Vediamo comunque quali sono state le interessantissime reazioni all’unica visione della vita (anzi, della morte) promossa dal duo “pro-death”.

Il 19 novembre il direttore di Avvenire -Marco Tarquinio- ha rivolto un appello alla dirigenza Rai perché faccia conoscere persone come Mario Melazzini, Fulvio De Nigris, Mariapia Bonanate e suo marito, Angelo Carboni, Rosy Facciani, Simone Schonsberg e la mamma Gloria, Moira Quaresmini e la sua famiglia. Voci di chi vive e lotta e soffre e non molla, e non solo ai “profeti” dell’eutanasia». (da “Fateli parlare, Avvenire).

Il 20 novembre c’è stata immediatamente una reazione all’appello. In modo bipartisan la politica ha risposto: oltre centoventi firme in due lettere distinte, da parte dei primi due partiti italiani (PDL e PD) per chiedere al cda Rai di garantire nei programmi del servizio pubblico, e in particolare in quello condotto da Fazio e da Saviano, «la voce di chi difende la vita e soprattutto di chi lo fa vivendo una condizione di sofferenza» (qui il testo dell’appello). Si schierano 91 parlamentari del PDL e Lega Nord (primi firmatari: Alfredo Mantovano, Maurizio Gasparri, Gaetano Quagliariello, Maurizio Lupi, Eugenia Roccella, Barbara Saltamartini, Enrico La Loggia, Valentina Aprea, Giuseppe Cossiga). A sinistra sono 32 membri del PD (i primi sono Giuseppe Fioroni ed Enrico Gasbarra) a scrivere a Fazio&Saviano per «segnalare come sia mancata la voce dell’altra scelta» (qui il testo dell’appello). Si associa idealmente Giorgio Merlo (Pd), mentre Pier Ferdinando Casini (Udc), si rivolge ai vertici Rai affinché «diano voce a chi non vuole l’eutanasia». Il sindaco di Roma, Gianni Alemanno, ha dichiarato di condividere l’invito del direttore di Avvenire e anche lui chiede al Cda della Rai di garantire la voce di chi difende la vita. Si mobilitano anche diverse associazioni, come l’Aiart (associazione telespettatori cattolici). Anche il Tg2, dà immediatamente spazio all’appello e Mattino Cinque si dice disponibile ad ospitare queste storie altrimenti dimenticate. (da Avvenire, Yahoo Notizie, AdnKronos).

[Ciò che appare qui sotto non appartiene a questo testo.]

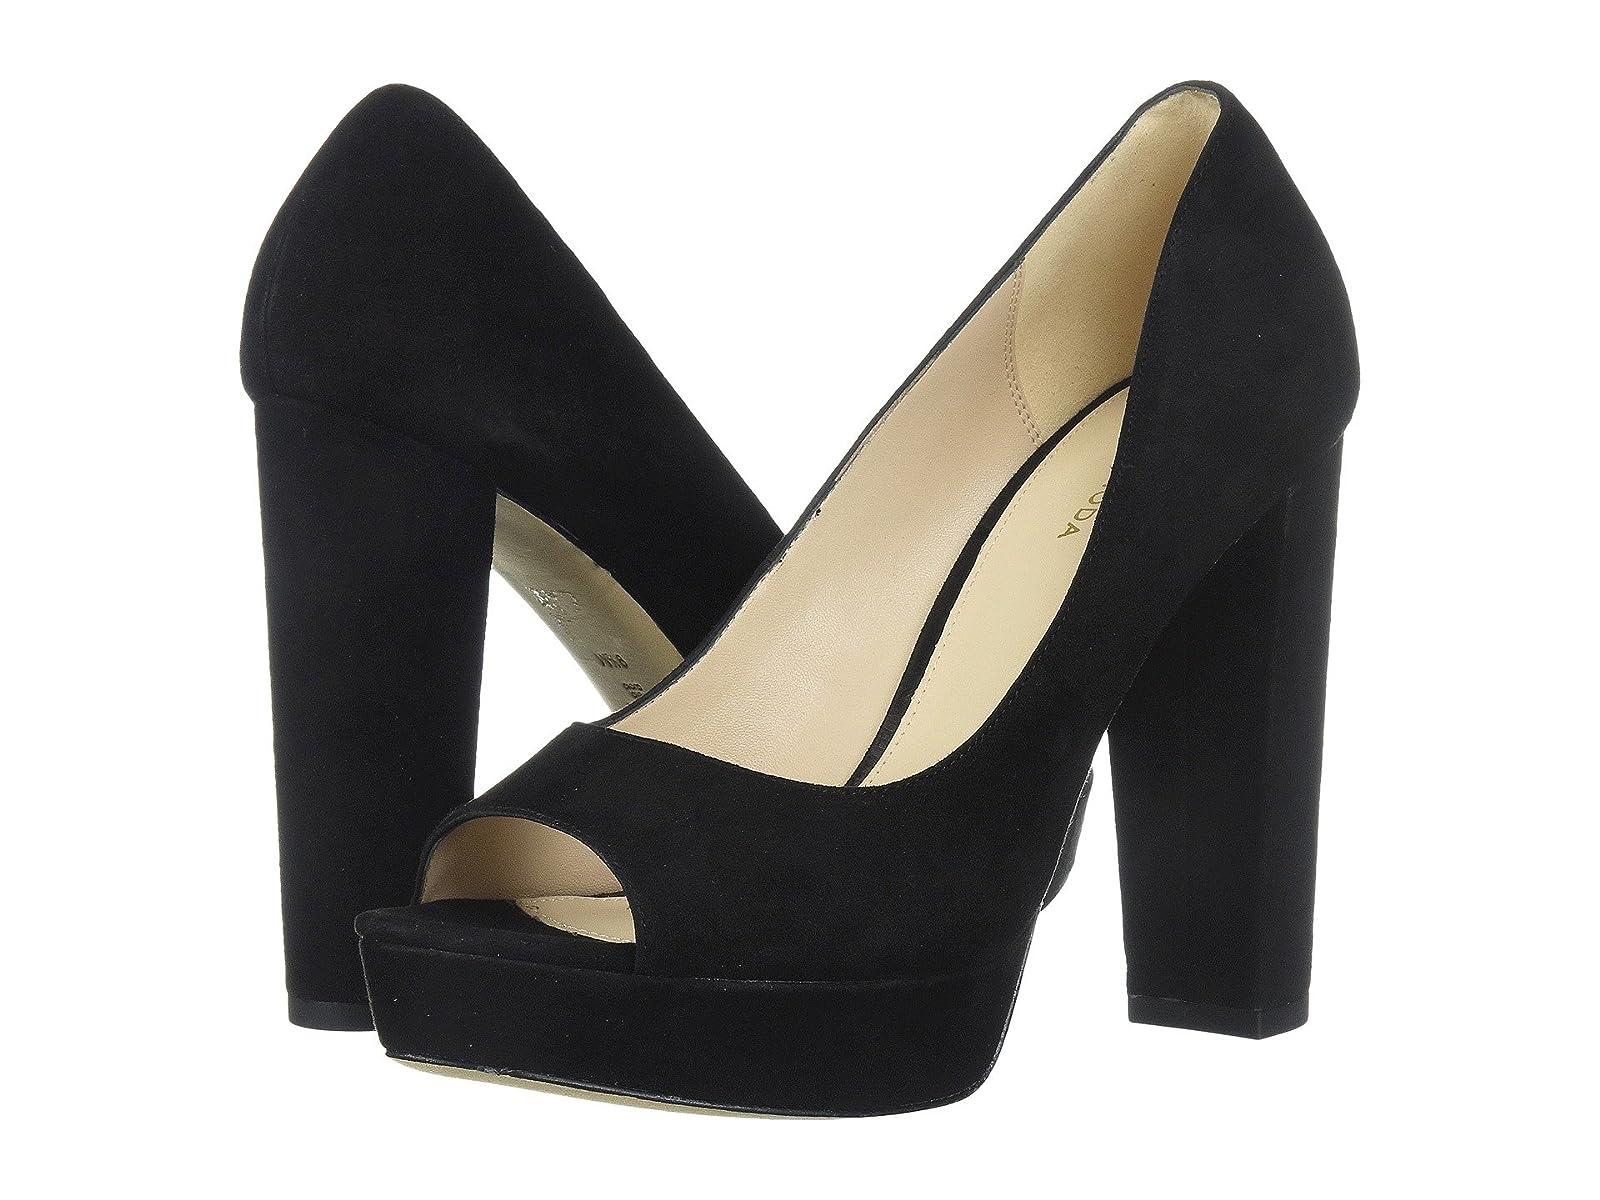 Pelle Moda Paris 2Cheap and distinctive eye-catching shoes

Il 21 novembre Souad Sbai (Pdl) è pronta a un’interrogazione parlamentare e Giuseppe Fioroni (Pd) concorda: «Non può passare l’idea che “staccare la spina” sia un atto d’amore illuminato, mentre quello che consapevolmente fanno giorno dopo giorno decine di migliaia di famiglie nel silenzio, nella fatica e nella sofferenza, accudendo malati gravi e gravissimi, sia una scelta dettata da oscurantismo. Questo non può e non deve essere ignorato da una tv che intende promuovere il civismo, scuotere le coscienze e rilanciare la dignità degli uomini e delle donne» (da Avvenire). Interviene anche Marina Corradi, con un giudizio -come al solito- decisamente chiaro (da Avvenire).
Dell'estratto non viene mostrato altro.